Reconstructing predictions in output space

After conditioning, we obtain posterior means \(\boldsymbol{\mu}_i\) and covariances \(\boldsymbol{\Sigma}_i\) for each latent GP at \(n_*\) test locations. The output-space predictive distribution is recovered by applying the mixing matrix:

\[ \begin{aligned} \boldsymbol{\mu}_{\mathbf{y}} &= \mathbf{H}\, \begin{pmatrix}\boldsymbol{\mu}_1 \\ \vdots \\ \boldsymbol{\mu}_m\end{pmatrix}, \\[6pt] \boldsymbol{\Sigma}_{\mathbf{y}} &= (\mathbf{H} \otimes \mathbf{I}_{n_*})\, \operatorname{blkdiag}(\boldsymbol{\Sigma}_1,\ldots, \boldsymbol{\Sigma}_m)\, (\mathbf{H} \otimes \mathbf{I}_{n_*})^\top. \end{aligned} \]

When only marginal variances are needed, the Kronecker product need not be formed explicitly. The marginal variance of output \(j\) at test point \(t\) is

\[ \operatorname{var}\bigl[y_j(t)\bigr] = \sum_{i=1}^{m} H_{ji}^2\,\operatorname{var}\bigl[x_i(t)\bigr], \]

which costs only \(\mathcal{O}(n_* p\, m)\).

Synthetic dataset

We construct a five-output dataset driven by two latent functions: \(x_1(t) = \sin(t)\), a smooth oscillation, and \(x_2(t) = \cos(t/2)\), a slower oscillation.

The observed outputs are linear mixtures \(\mathbf{y}(t) = \mathbf{H}_{\text{true}}\,\mathbf{x}(t) + \boldsymbol{\varepsilon}\) with observation noise of standard deviation \(\sigma = 0.2\). We set \(m = 2\) latent GPs and \(p = 5\) outputs.

num_data = 100
num_outputs = 5
num_latent = 2

X_train = jnp.linspace(0, 10, num_data).reshape(-1, 1)

latent1 = jnp.sin(X_train.squeeze())
latent2 = jnp.cos(0.5 * X_train.squeeze())

# True mixing weights
true_H = jnp.array(
    [
        [1.0, 0.5],
        [0.8, -0.6],
        [-0.9, 0.3],
        [0.4, 1.1],
        [-0.5, -0.8],
    ]
)

latent_values = jnp.column_stack([latent1, latent2])
y_clean = latent_values @ true_H.T
y_train = y_clean + jr.normal(key, y_clean.shape) * 0.2

train_data = gpx.Dataset(X=X_train, y=y_train)

Each of the five outputs is a different weighted combination of the two underlying latent functions. We plot them alongside the noiseless signal.

fig, axes = plt.subplots(num_outputs, 1, figsize=(10, 1.5 * num_outputs), sharex=True)

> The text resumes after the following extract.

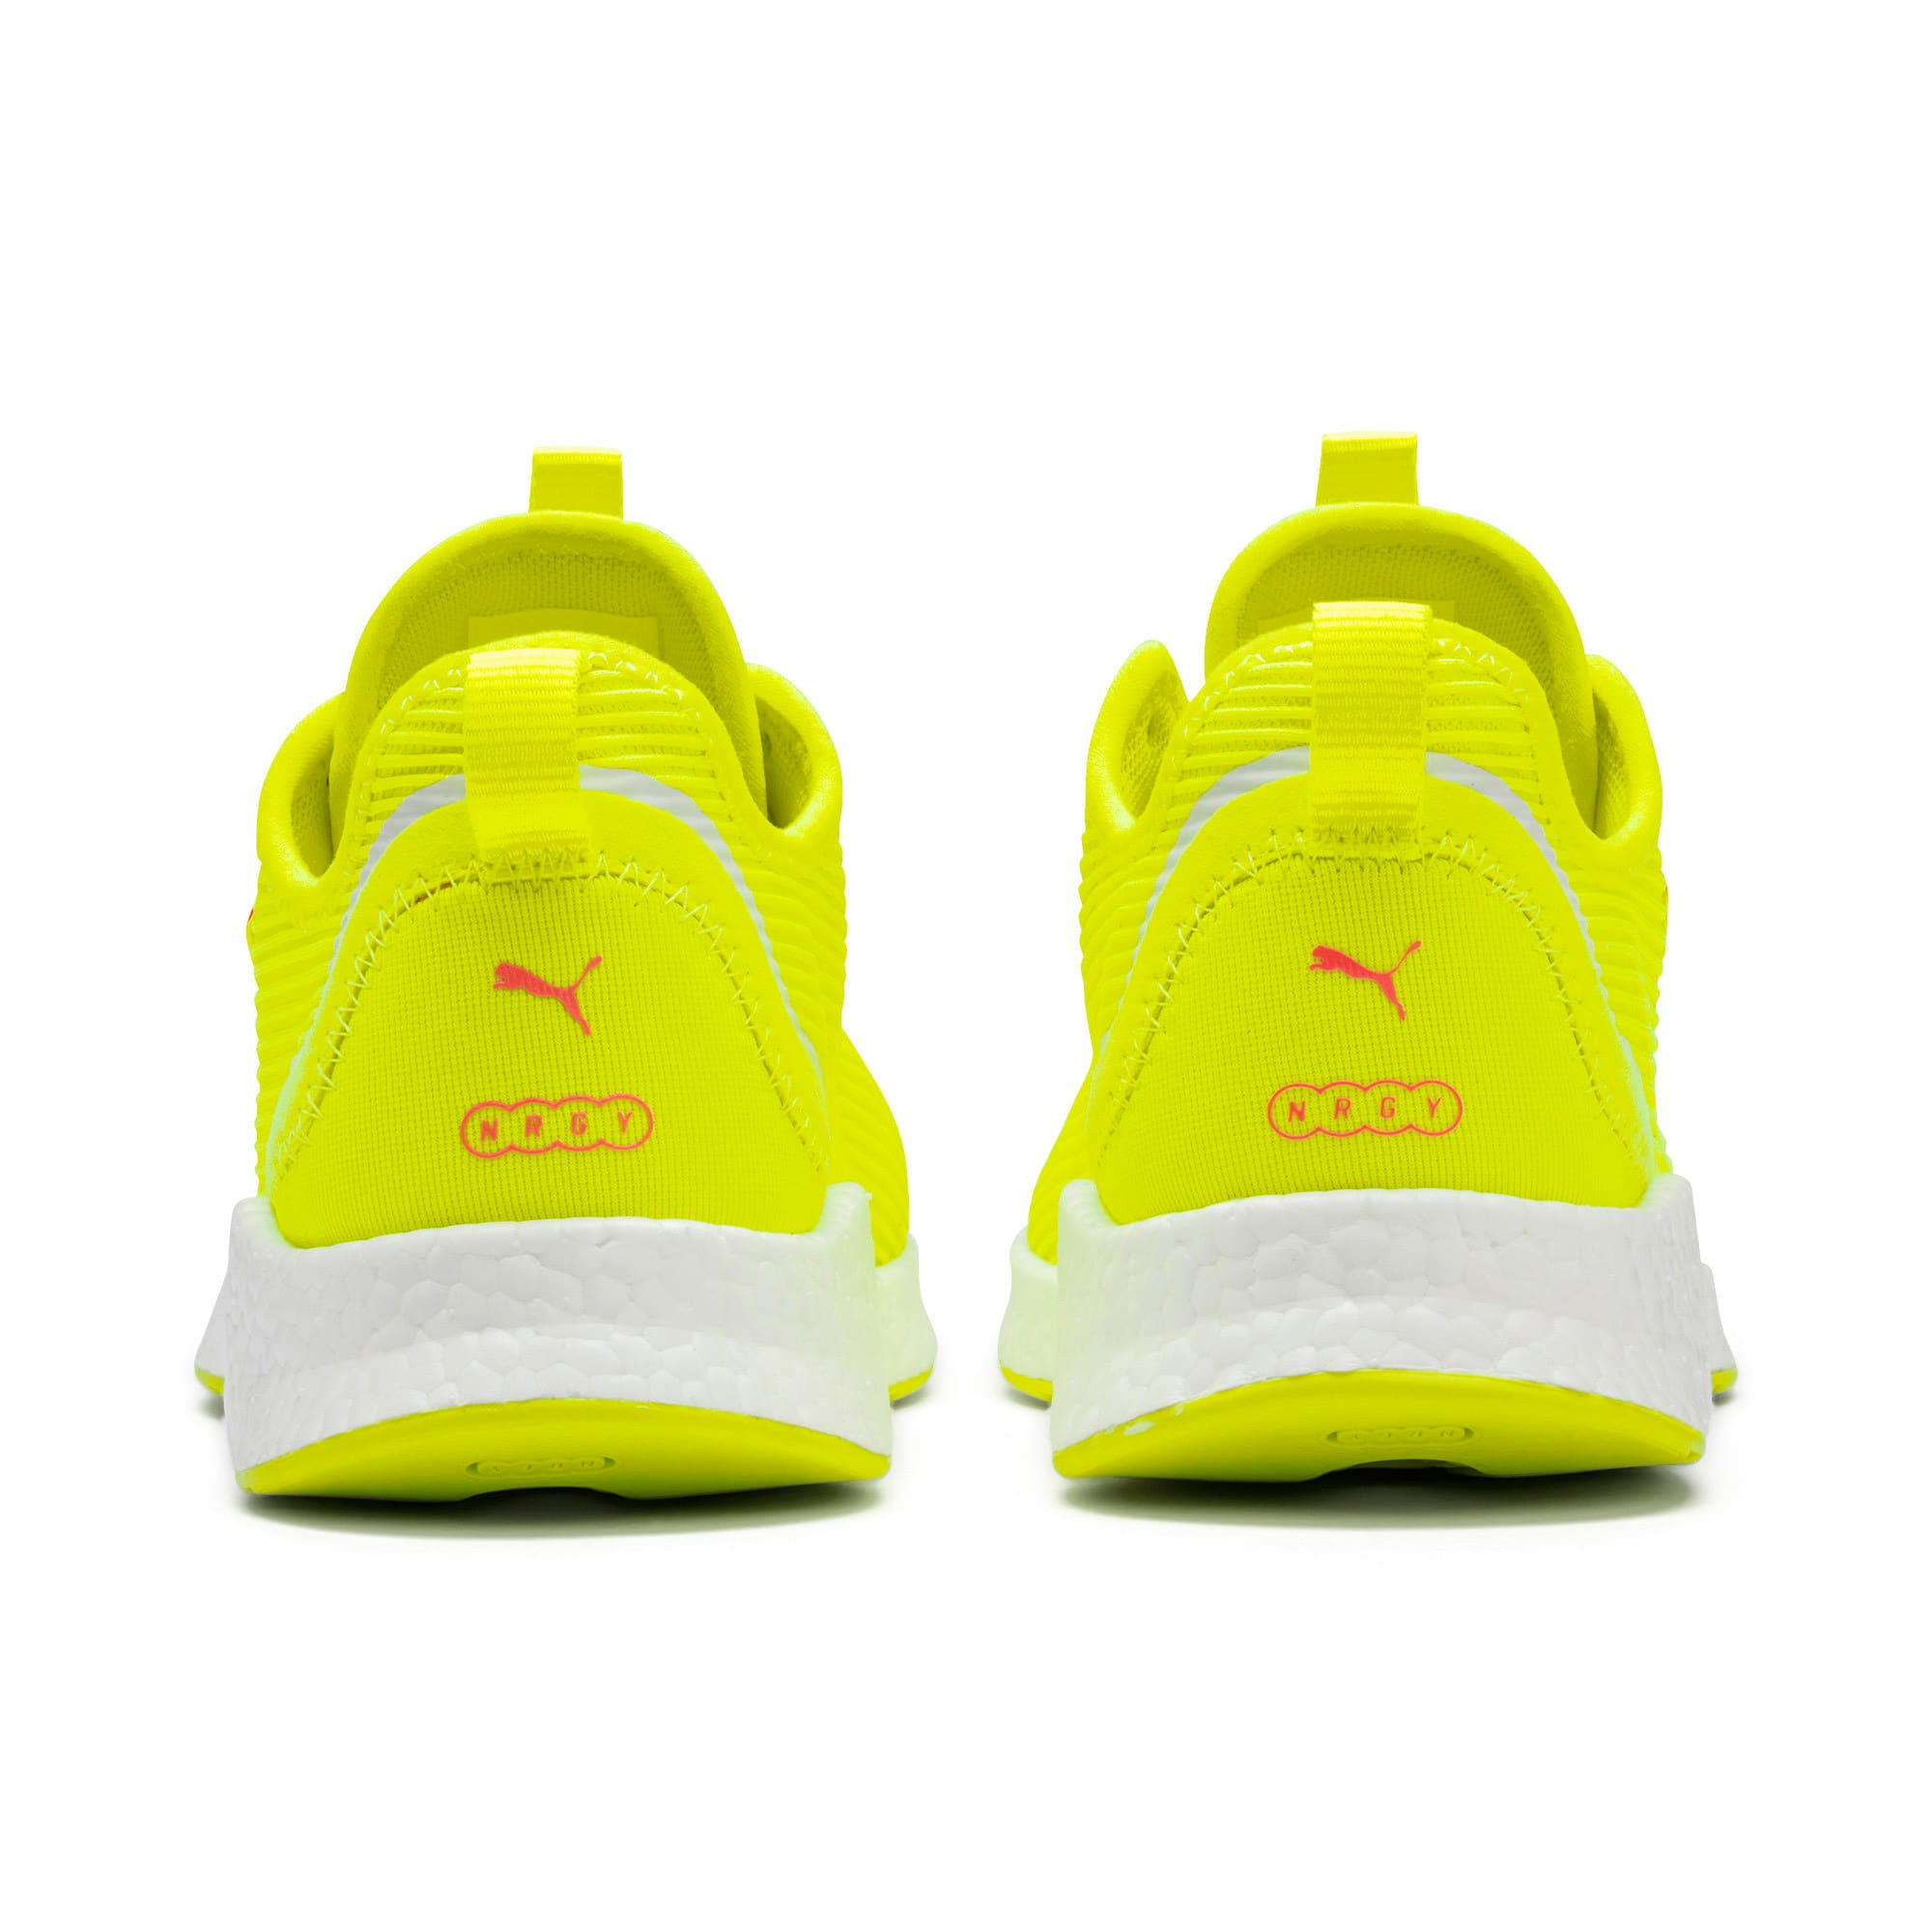 Miniatura 5 de Zapatos para correr NRGY Star Femme para mujer, Yellow Alert-Pink Alert, mediano

for p in range(num_outputs):
    plot_output_panel(axes[p], p, X_train, y_train, y_clean, cols)
    if p == 0:
        axes[p].legend(loc="upper right", fontsize=7)

axes[-1].set_xlabel(r"$t$")
plt.suptitle(
    f"{num_outputs} Observed Outputs from {num_latent} Latent Sources", fontsize=13
)
Text(0.5, 0.98, '5 Observed Outputs from 2 Latent Sources')

png

Constructing the OILMM

GPJax provides create_oilmm_from_data, which initialises the mixing matrix using the empirical correlation structure of the outputs. Under the hood it first computes the empirical covariance matrix $$ \hat{\boldsymbol{\Sigma}} = \tfrac{1}{n}\,\mathbf{Y}_c^\top\mathbf{Y}_c $$, where \(\mathbf{Y}_c\) is the column-centred observation matrix. The next step extracts the top \(m\) eigenvectors and eigenvalues of \(\hat{\boldsymbol{\Sigma}}\). The function then sets \(\mathbf{U}_{\text{latent}}\) to the eigenvectors. This ensures that after SVD orthogonalisation the columns of \(\mathbf{U}\) align with the principal directions of output variation. Finally, \(\mathbf{S}\) is set to the corresponding eigenvalues giving the scaling an informative starting point. In this final step, the eigenvalues are clamped to \(10^{-6}\) for numerical stability.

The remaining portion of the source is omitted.